We are delighted that our work with Josh Rappoport‘s laboratory, supported by the Birmingham-Nottingham Strategic Collaboration Fund, has led to successful publication. Well done to all, especially Sarah Fletcher who carried out all the experimental work, Mudassar Iqbal who did the model data fitting, and Sara Jabbari who has helped out both Mudassar with the modelling and Sarah with sorting out journal requirements.

Fletcher, S.J., Iqbal, M., Jabbari, S., Stekel, D.J. and Rappoport, J.Z. 2014. Analysis of Occludin Trafficking, Demonstrating Continuous Endocytosis, Degradation, Recycling and Biosynthetic Secretory Trafficking. PLoS ONE DOI: 10.1371/journal.pone.0111176.

Abstract

Tight junctions (TJs) link adjacent cells and are critical for maintenance of apical-basolateral polarity in epithelial monolayers. The TJ protein occludin functions in disparate processes, including wound healing and Hepatitis C Virus infection. Little is known about steady-state occludin trafficking into and out of the plasma membrane. Therefore, we determined the mechanisms responsible for occludin turnover in confluent Madin-Darby canine kidney (MDCK) epithelial monolayers. Using various biotin-based trafficking assays we observed continuous and rapid endocytosis of plasma membrane localised occludin (the majority internalised within 30 minutes). By 120 minutes a significant reduction in internalised occludin was observed. Inhibition of lysosomal function attenuated the reduction in occludin signal post-endocytosis and promoted co-localisation with the late endocytic system. Using a similar method we demonstrated that ~20% of internalised occludin was transported back to the cell surface. Consistent with these findings, significant co-localisation between internalised occludin and recycling endosomal compartments was observed. We then quantified the extent to which occludin synthesis and transport to the plasma membrane contributes to plasma membrane occludin homeostasis, identifying inhibition of protein synthesis led to decreased plasma membrane localised occludin. Significant co-localisation between occludin and the biosynthetic secretory pathway was demonstrated. Thus, under steady-state conditions occludin undergoes turnover via a continuous cycle of endocytosis, recycling and degradation, with degradation compensated for by biosynthetic exocytic trafficking. We developed a mathematical model to describe the endocytosis, recycling and degradation of occludin, utilising experimental data to provide quantitative estimates for the rates of these processes.

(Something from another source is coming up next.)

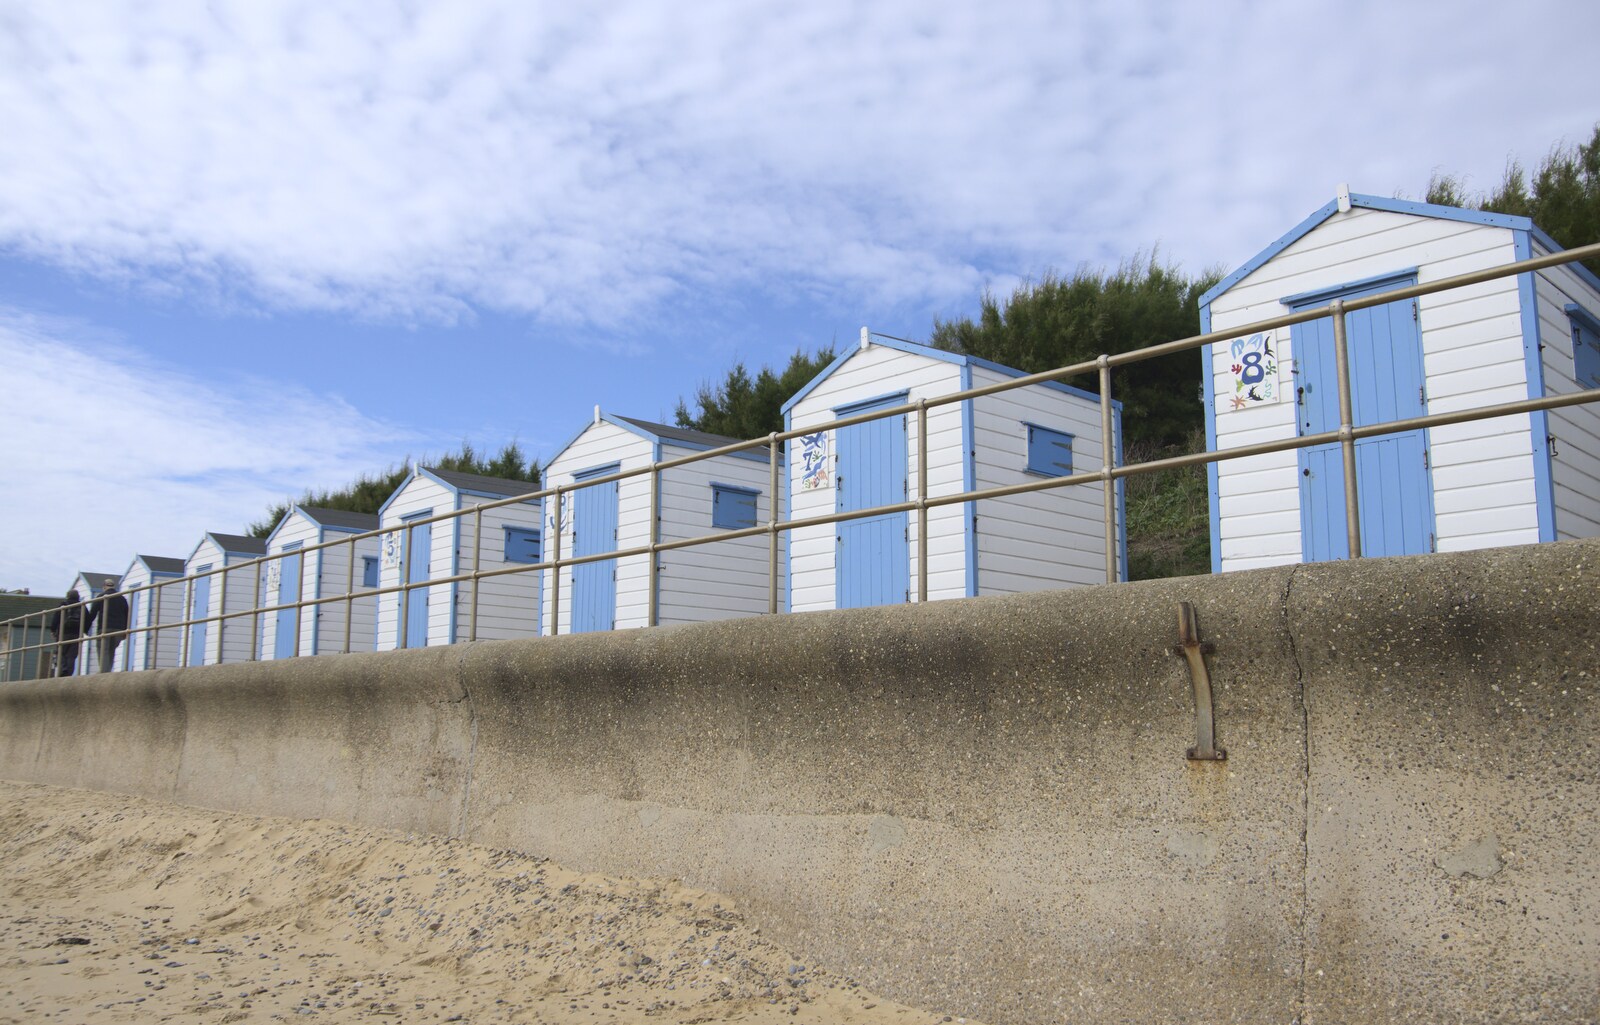 More Southwold beach huts from The Waverley Paddle Steamer at Southwold Pier, Suffolk - 27th September 2023

# Inferring the error variance in Metropolis-Hastings MCMC

One of the great joys of working with two talented post-docs in the research group – Mike Stout and Mudassar Iqbal – as well as a great collaboration with Theodore Kypraios, is that they are often one step ahead of me and I am playing catch-up. Recently, Theo has discussed with them how to estimate the error variance associated with the data used in Metropolis-Hastings MCMC simulations.

The starting point, usually, is that we have some data, let us say $y_i$ for $i=1, \cdots, n$, and a model – usually, in our case, a dynamical system – which we are trying to fit to the data. For any given set of parameters $\theta$, our model will provide estimates for the data points that we will call $\hat y_i$. Now, assuming uniform Gaussian errors, our likelihood function $L(\theta)$ looks like:

$L(\theta) = \prod_{i=1}^n \frac{1}{\sqrt{2 \pi\sigma^2}}e^{-\frac{1}{2}(\frac{y_i - \hat y_i}{\sigma})^2}$

where $\sigma^2$ is the error variance associated with the data. Now, when I first started using MCMC, I naively thought that we could use values for $\sigma^2$ provided by our experimental collaborators, and so we could use different values of $\sigma^2$ according to how confident our collaborators were in the measurements, equipment etc. What I found in practice was that these values rarely worked (in terms of convergence of the Markov chain) and we have had to make up error variances using trial and error.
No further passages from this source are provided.